Время шло, все потихоньку уезжали, а Айзик оставался на месте.
— Внуков хотя бы пожалел, — бурчала Двося. — Извелись все!
— Не станет Лизаветы, тогда и поедем, — говорил Айзик. — Не убежит ваша Америка!
— Что-то надо делать с твоим папашей, — говорил каждый раз Додик, возвращаясь от тестя.
— А что сделаешь? — разводила руками Соня. — Надо ждать. Лизавета не вечная.
— Нас переживет! — бурчал Додик. — И вообще, Америку могут закрыть! Все поговаривают уже про это. Или ваш дядя умрет, и тогда вообще не к кому будет ехать! В каждом письме пишет, что болеет!
— Папу не переубедишь, — безнадежно говорила Соня. — Он на этой лошади помешался.
Эта проблема не давала им покоя, и они делились ею со всеми, прося совета, и получили его неожиданно от железнодорожника, любителя-охотника, живущего в их доме. Они не то, чтобы дружили, но знались: если куда надо было подъехать, он доставал им билеты, время от времени подбрасывал их на своем «Москвиче» на рынок, изредка продавал им зайчатину и часто перехватывал деньги до зарплаты.
— Додик, — сказал он, — не строй проблему на пустом месте. Застрели эту клячу — и все!
— Какой из меня стрелок?! — сказал Додик. — Я в армии ни разу не стрелял: в стройбате служил. Это ты охотник! Может, поможешь?

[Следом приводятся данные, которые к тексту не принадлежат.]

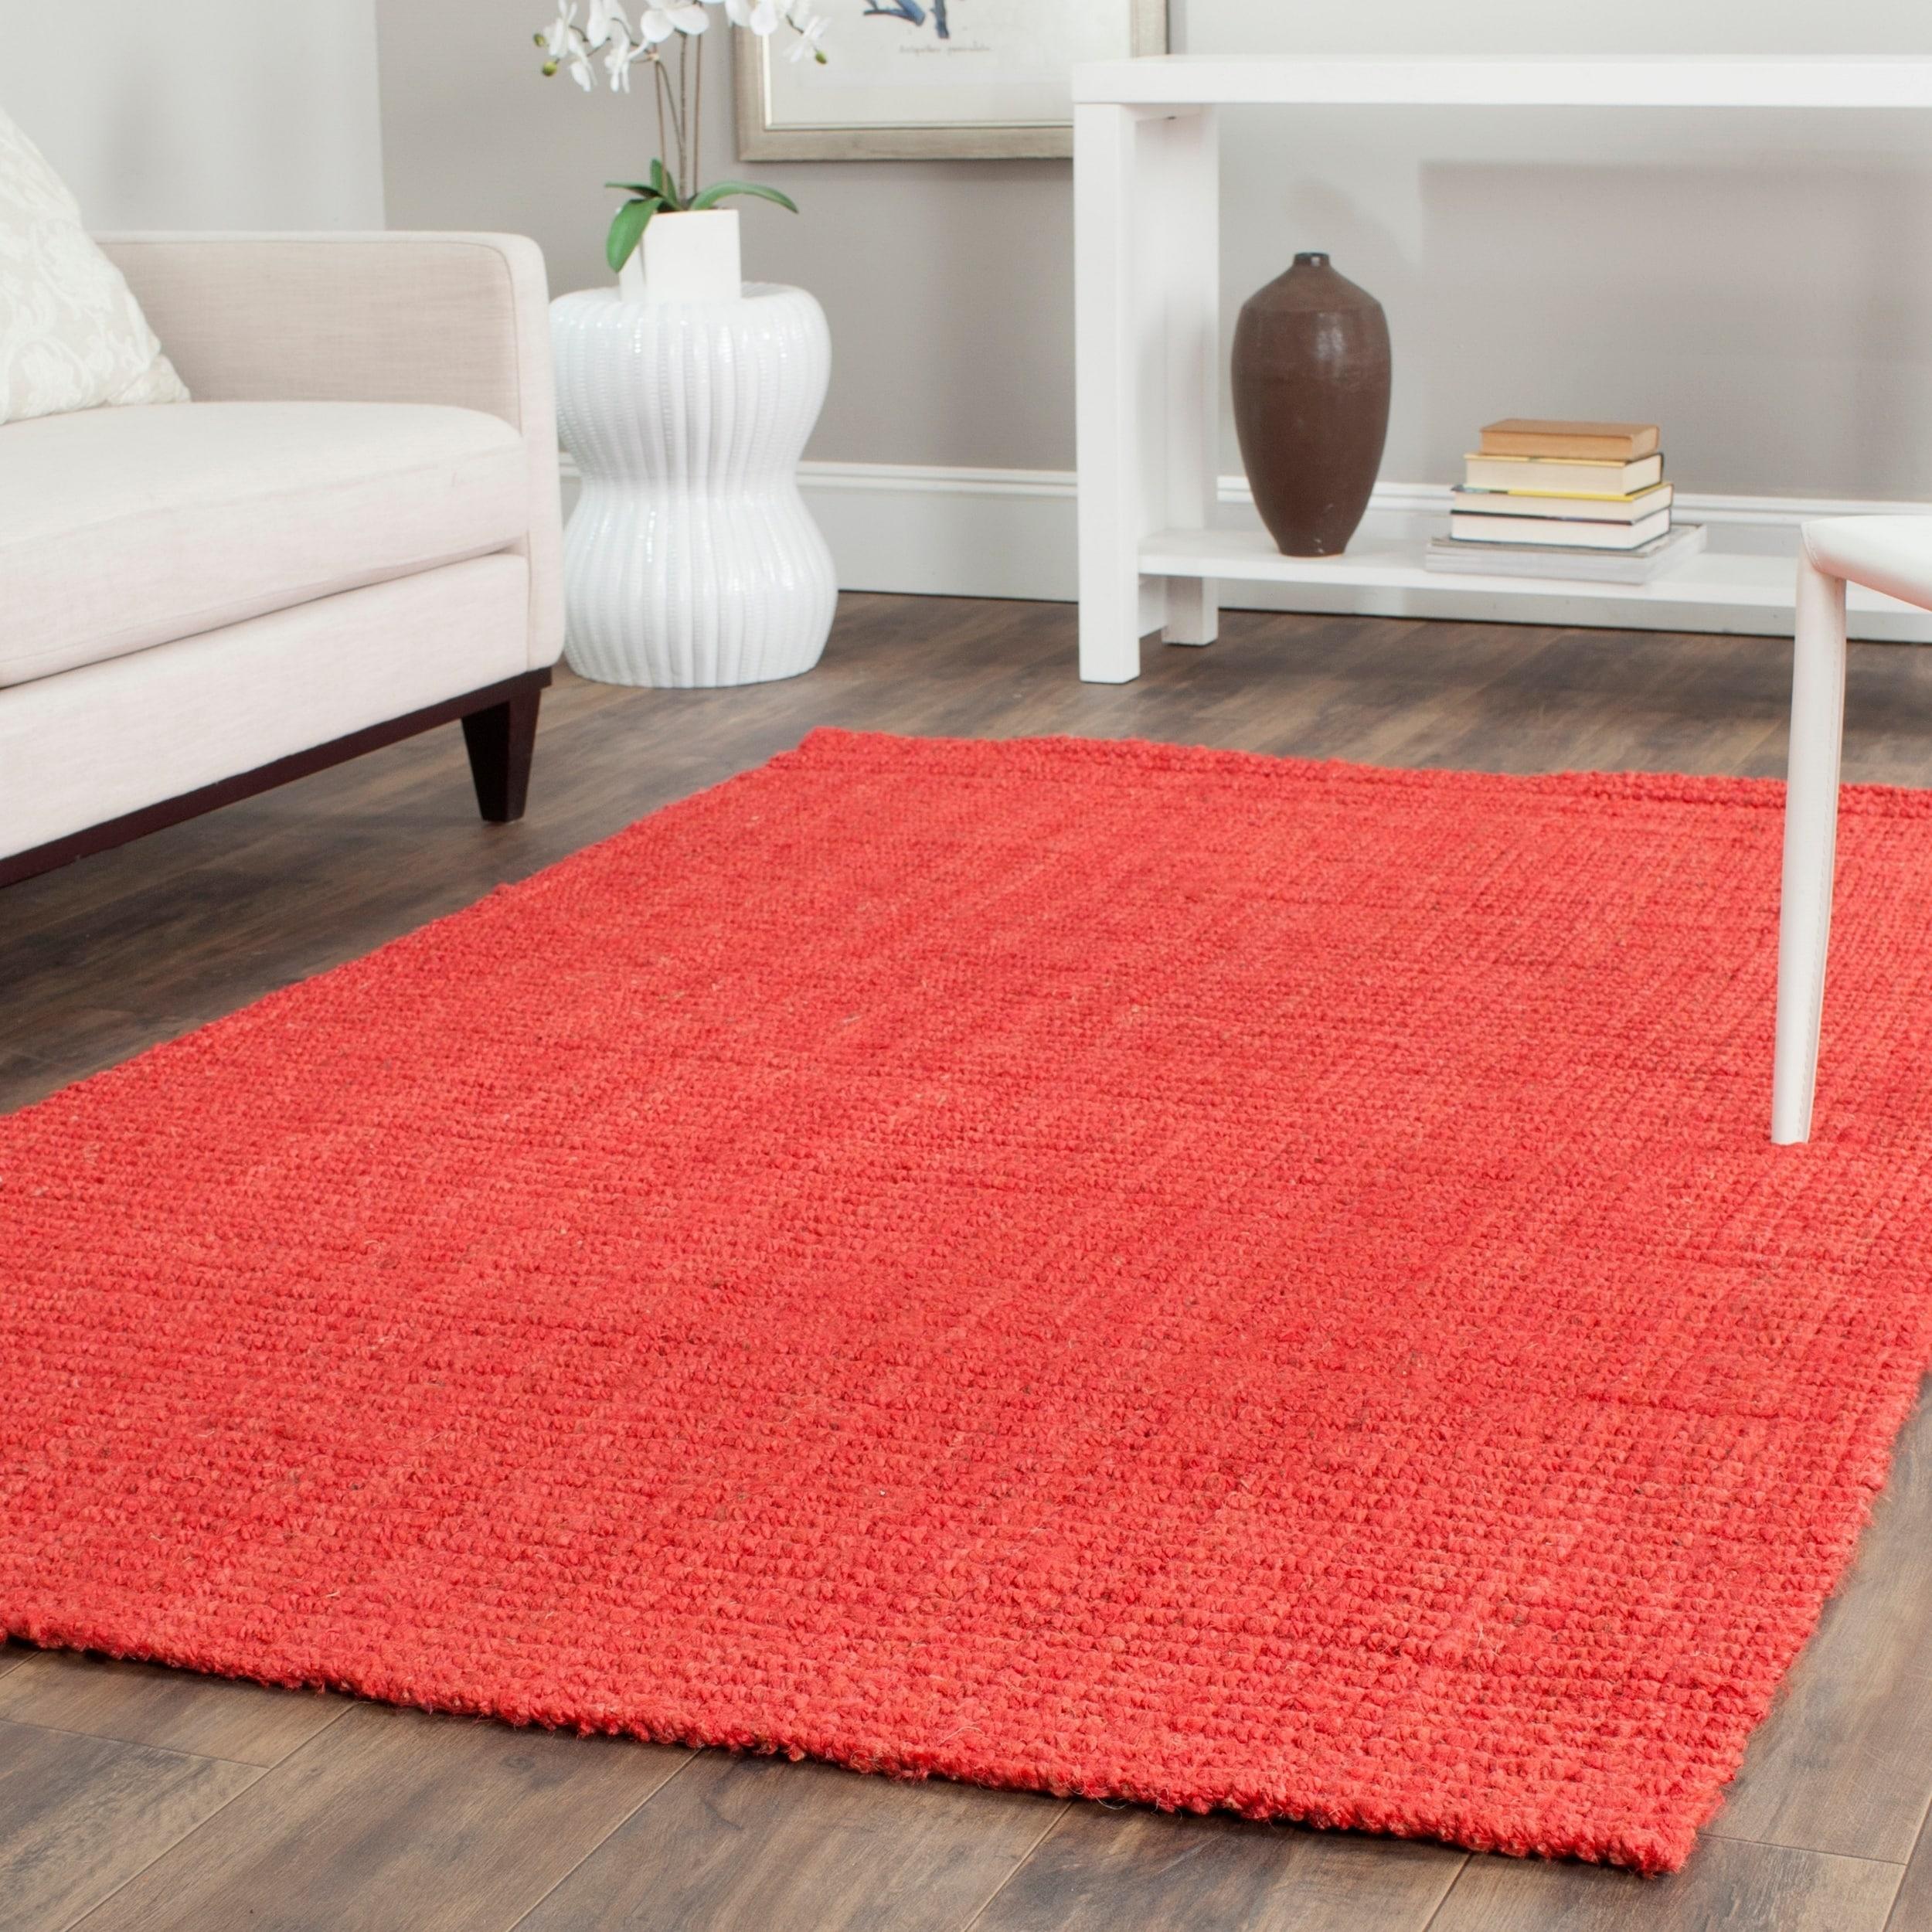 Safavieh Casual Natural Fiber Handmade Red Jute Rug (9' x...

Железнодорожник подумал и сказал:
— Подари мне «Зауэр»! Всего за двести рублей отдают, и я уберу твою проблему.
— А что это «Зауэр»? — спросил Додик.
— Ружье немецкое, — сказал он. — Вадик Перлин из комунхоза уезжает в Израиль и продает. Считай, бесплатно. В хорошее время семьсот стоит. И не достанешь.
И Додик купил…
Лизавету застрелили днем, в будний день, когда она спокойно паслась на лугу за Филипповым домам… Вокруг никого не было. Филипповым домом называли развалины бывшей помещичьей усадьбы. По вечерам и в выходные там играли дети, но в средине дня, в будни, их там не было. Ближайшие дома были сравнительно далеко от этого места, и если кто в них был, то глухие старики. И выстрела никто не слышал.

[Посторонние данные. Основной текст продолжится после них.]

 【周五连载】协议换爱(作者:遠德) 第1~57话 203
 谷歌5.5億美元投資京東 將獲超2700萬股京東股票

Выстрел был меткий, охотничий, в ухо. Но в милиции решили, что баловались с ружьем дети. И никто никого не искал.
После гибели лошади Айзик как-то сразу сдал, постарел на глазах: поседел, сгорбился, стал заговариваться и забываться, а потом вообще перестал говорить, издавая вместо слов непонятное бормотание.
Боясь за здоровье Айзика, Додик ежедневно звонил в Нью-Йорк дяде Бенеме и метался между Краснопольем и Москвой, пытаясь ускорить отъезд. Что-то куда-то писал, что-то кому-то объяснял, и через несколько месяцев они улетели в Америку.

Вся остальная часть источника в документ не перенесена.